# Please Help. Is this a load bearing wall? (wall opened up)



## Whyjune1st (Dec 14, 2012)

Just about to start the demo of my kitchen and I was looking to see what people thought about my archway being load bearing. I originally posted about this wall here without any drywall removed:

http://www.diychatroom.com/f15/remodeling-kitchen-wall-must-go-197970/

Now that I have the wall opened up I was hoping I could get some input. Thanks in advance


----------



## Whyjune1st (Dec 14, 2012)




----------



## Whyjune1st (Dec 14, 2012)




----------



## sixeightten (Feb 10, 2009)

Impossible to tell from those pics. We need to see what is above the header.


----------



## Jnaas2 (Mar 29, 2014)

Going by the size of the beam over the door I would say yes, Most older homes on walls built without a load on them were usually 2 2x4


----------



## Whyjune1st (Dec 14, 2012)

also...

My house is a cape so it has two roofs perpendicular to each other. 

[Imgur](imgur: the simple image sharer)

The wall is under the right roof and the wall runs parallel with the trusses I can see when I look in the attic. Obviously that means that the wall runs perpendicular to the other roof but the roof thats over it it runs parallel to. 

Thanks for your input.


----------



## Whyjune1st (Dec 14, 2012)

sorry imgur link messed up


----------



## Whyjune1st (Dec 14, 2012)

So i opened up the ceiling on the other side of the archway and took some pictures. The floor joists definitely run parallel to the archway.

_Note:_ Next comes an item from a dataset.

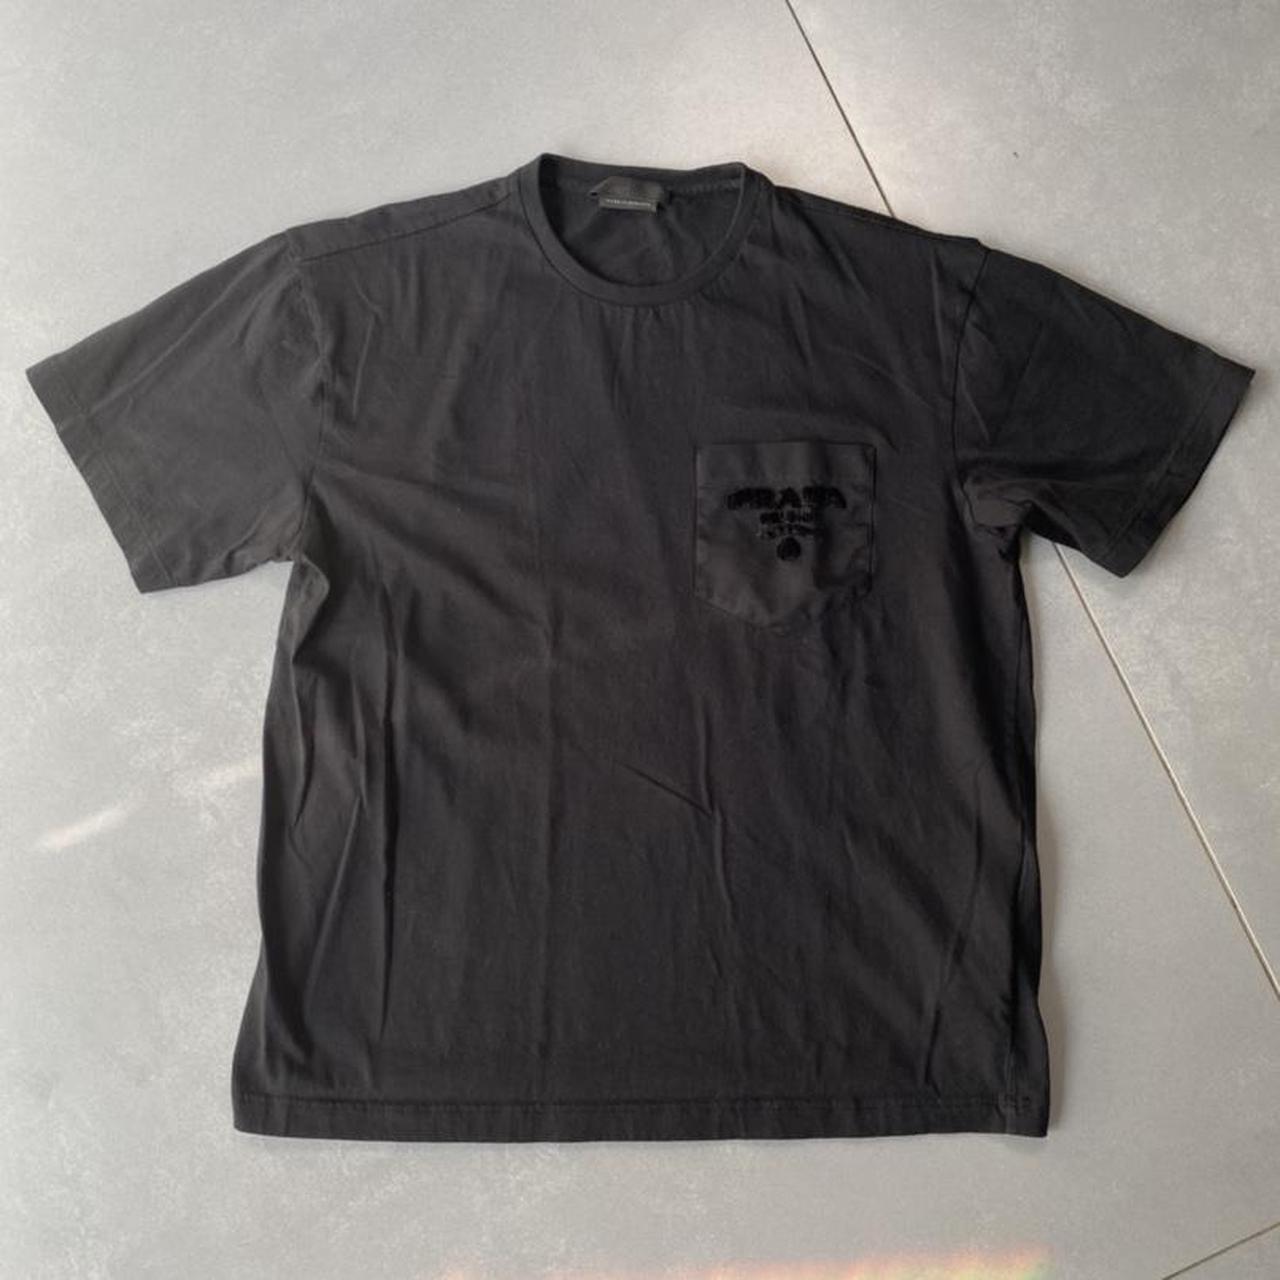 Prada chenille logo pocket t-shirt in black made in... - Depop

Picture of the holes. Where I left the plaster is a joist and the other end of the long hole is another joist. These holes are on the other side of the archway from where i took the original pictures so closer to the window from the first pics. 

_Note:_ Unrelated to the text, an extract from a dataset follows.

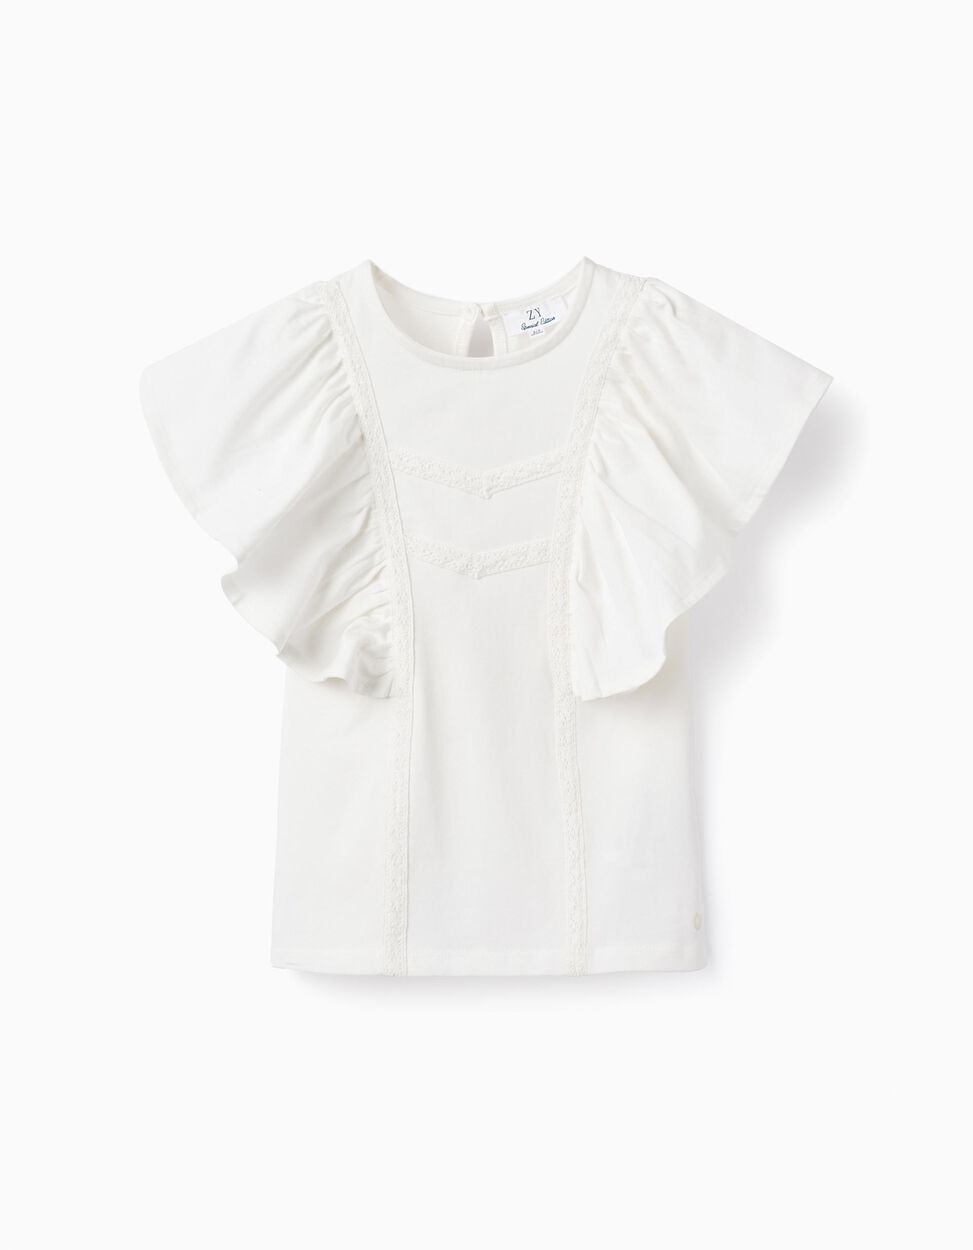 Acheter en ligne T-shirt avec Volants et Dentelle pour Fille 'B&S', Blanc

Then I took some pictures from the small hole inside the ceiling/2nd floor (closest to the archway):










I measured the joists and they seem to be 15.5 in on center which would mean that the left joist would fall within the archway which i believe is what you can see on the left side of that last picture. 

Last picture is looking towards the short side wall and got this:










Pushed on the metal and it sounds like sheet metal most likely a heating duct. 

Thanks again for your input.


----------



## carpdad (Oct 11, 2010)

You must open the ceiling on the kitchen side as well against the header. Opposite side may run with the header, but that is not a guarantee. Sorry but I didn't read your post completely. Were you able to confirm the joist across the header?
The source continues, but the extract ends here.